**PROBLEM STATEMENT:**
Transcribe the listing in full, word for word; pictures do not belong in the copy.

DATA PROVIDED Block Start

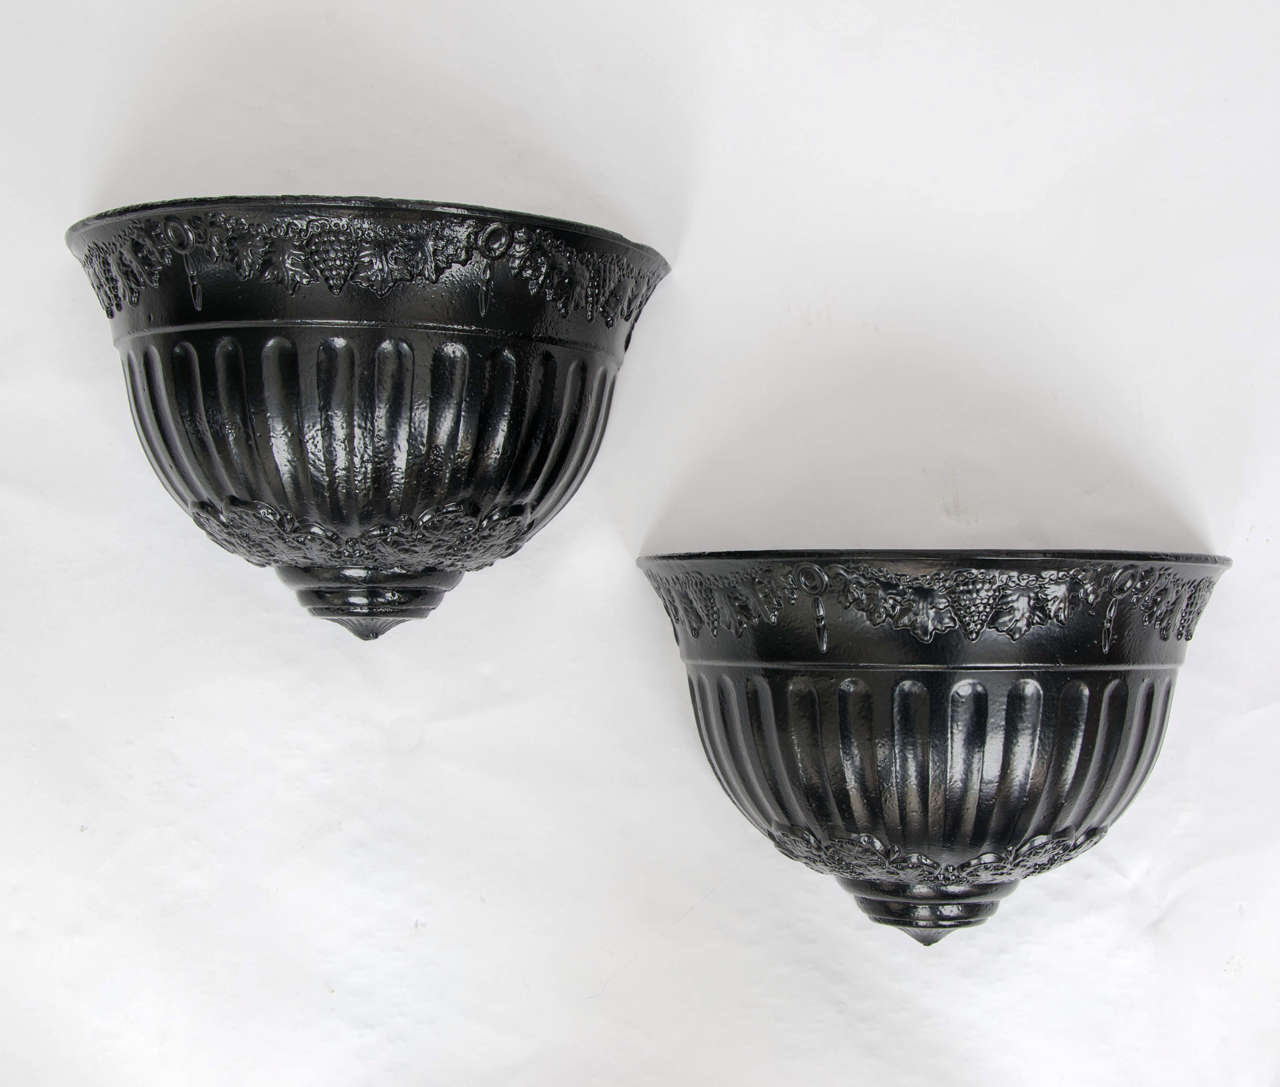 These are a very attractive and original pair of cast iron, wall hanging, English Planters from the Regency period of the early 19th century, circa 1820.

Each planter is semi-circular in profile with vertical fluting in the centre section.
There is

DATA PROVIDED Block End

**TASK OUTPUT:**
 These are a very attractive and original pair of cast iron, wall hanging, English Planters from the Regency period of the early 19th century, circa 1820.

Each planter is semi-circular in profile with vertical fluting in the centre section.
There is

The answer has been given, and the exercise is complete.